Critique du concert de l’OSM du 21 septembre 2023 – Symphonie Titan de Mahler
L’Orchestre symphonique de Montréal présentait son deuxième programme de la saison 2023-2024, jeudi soir à la Maison symphonique avec des œuvres de Mahler, Prokofiev et Lera Auerbach sous la direction de Rafael Payare. Trois réussites éclatantes qui ont rendu cette soirée passionnante et riche en émotions.
La pièce Icarus de la compositrice russe Lera Auerbach, qui ouvre le concert, est exceptionnellement bien écrite et imagée, amenant des ambiances de mystère, de magie, de films d’horreur en noir et blanc et de boîte à musique. La compositrice démontre une grande virtuosité dans l’orchestration et la combinaison de timbres pour créer des effets et la pièce, qui dure une dizaine de minutes, est passionnante du début à la fin.
Malofeev
Rappelons que l’an dernier, l’OSM avait annulé la présence d’Alexandre Malofeev aux concerts qu’il devait donner sous la direction de Michael Tilson Thomas, début mars. On était alors au tout début de l’invasion russe en Ukraine, commencée le 24 février. Cette décision avait évidemment suscité une immense controverse: doit-on punir les artistes russes pour la folie de Vladimir Poutine?
Réalisant que de trier les musiciens russes en fonction de leur opinion avouée ou non au sujet de cette horrible invasion s’avérait un exercice périlleux, l’OSM avait refusé de céder une deuxième fois à la pression et maintenait l’invitation d’un autre pianiste russe, Daniil Trifonov, un mois plus tard, tandis que des manifestants exprimaient leur désapprobation aux portes de la Maison symphonique. J’étais allée leur poser des questions, ce sont des moments qui ne s’oublient pas.

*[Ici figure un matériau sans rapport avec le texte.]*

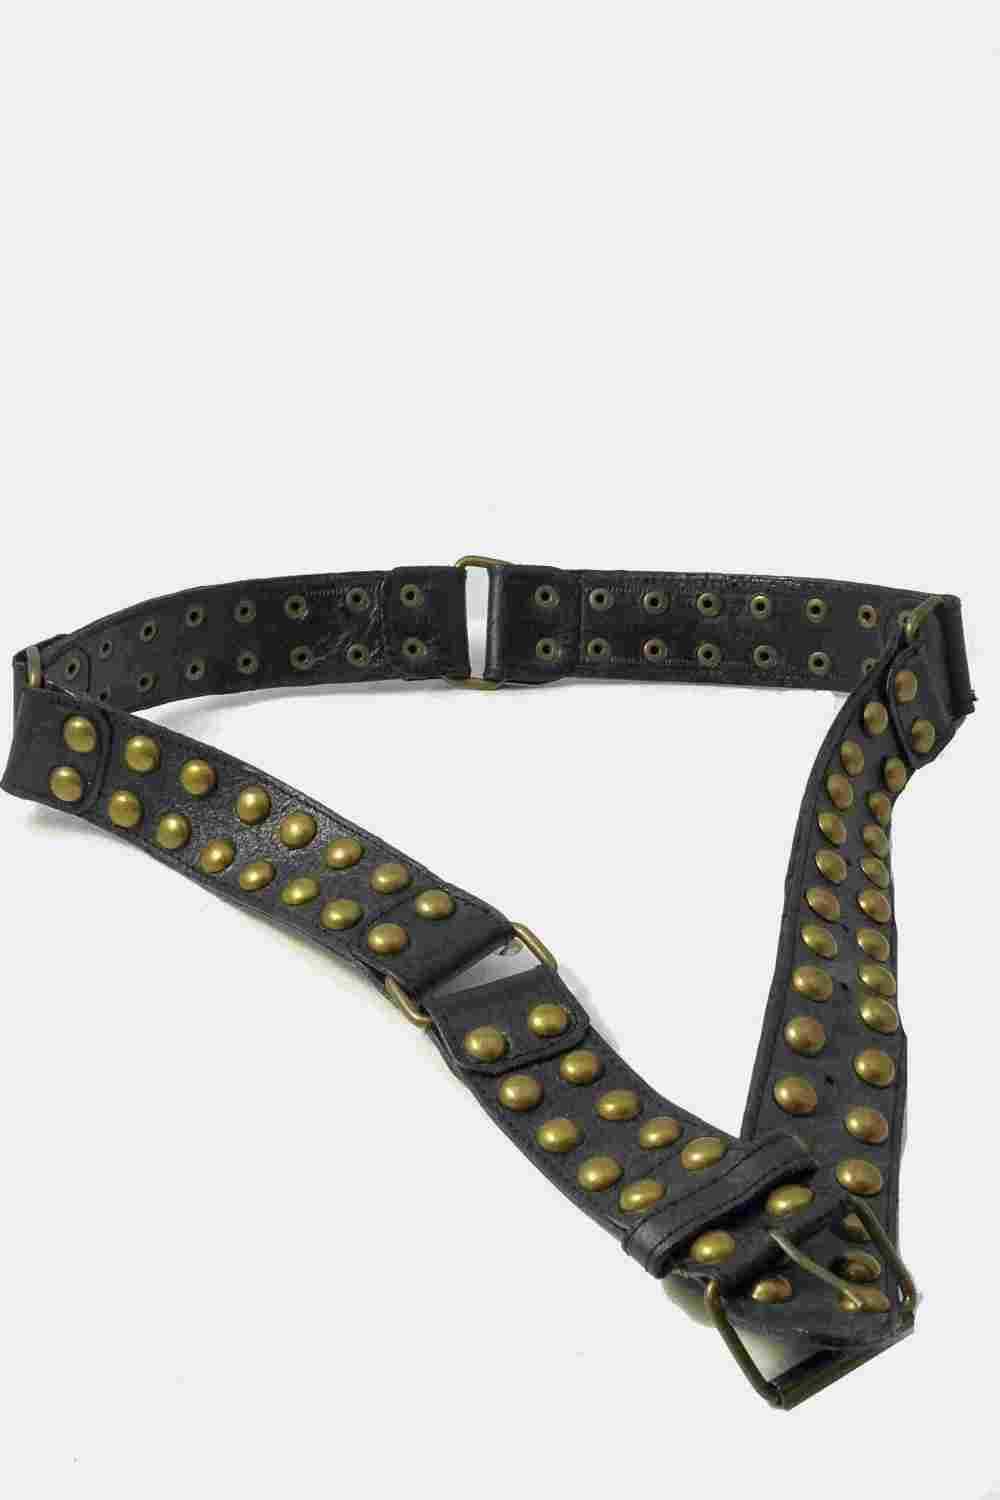 Gold Studded Black Leather Belt

Un an et demi plus tard, la guerre s’enlise et le peuple ukrainien tient toujours bon, au prix de pertes irréparables. (Parenthèse: si vous voulez mieux comprendre ce conflit et ses conséquences, je vous recommande de lire ou d’écouter les conférences de l’historien et spécialiste de cette région du monde, Timothy Snyder).
À quelques exceptions près, les artistes classiques russes ont repris leurs tournées en Occident et Alexander Malofeev est revenu à Montréal nous présenter ce Concerto no 3 de Prokofiev qu’il devait jouer la première fois.
Comme pianiste, Alexander Malofeev démontre une aisance, une virtuosité et une vélocité impressionnantes, un sens du rythme et une réactivité à l’orchestre au quart de tour, et traverse le Concerto no 3 et ses mouvements rapides à une vitesse folle, tel une étoile filante. J’aurais souhaité plus de variations dans les couleurs, mais son approche bien personnelle, tout en agilité, se tient.
Il revient pour un rappel, le Prélude pour la main gauche op. 9 no 1 de Scriabine. À la fraction de seconde précise où la dernière note s’éteint, on entend la sonnerie d’un cellulaire. On aurait voulu le faire exprès qu’on n’en aurait pas été capable. Le pianiste ne peut s’empêcher de rire, et nous aussi.
Symphonie no 1 de Mahler
Après un Sacre du printemps complètement fou lors du concert inaugural, la barre était haute pour l’OSM et ce deuxième programme ambitieux en l’espace de quelques semaines.
En principe, la Titan de Mahler dure environ 54 minutes. Je n’ai pas chronométré la chose (laissons cela à d’autres) dans cette interprétation exubérante « à la Rafael » le tout semble n’avoir duré que quelques minutes. Agrippés à nos sièges, nous ne perdons rien de ce foisonnement, de ces couleurs, de ce feu qui embrase l’OSM. Malgré quelques imperfections, c’est à nouveau un coup de poing et en même temps, cette certitude que par la musique, on nous transfuse une force.
La force de vivre.
Ce début de saison de haut vol à l’OSM me donne littéralement envie d’assister à tous leurs concerts. Considérant qu’il me faut parfois jusqu’à une heure trente pour me rendre à la Maison symphonique (et j’ai fait le test, c’est le même temps avec le transport en commun), c’est tout dire.
Le même programme est présenté cet après-midi, samedi 23, à 14 h 30. Il reste des billets et je vous suggère d’y courir.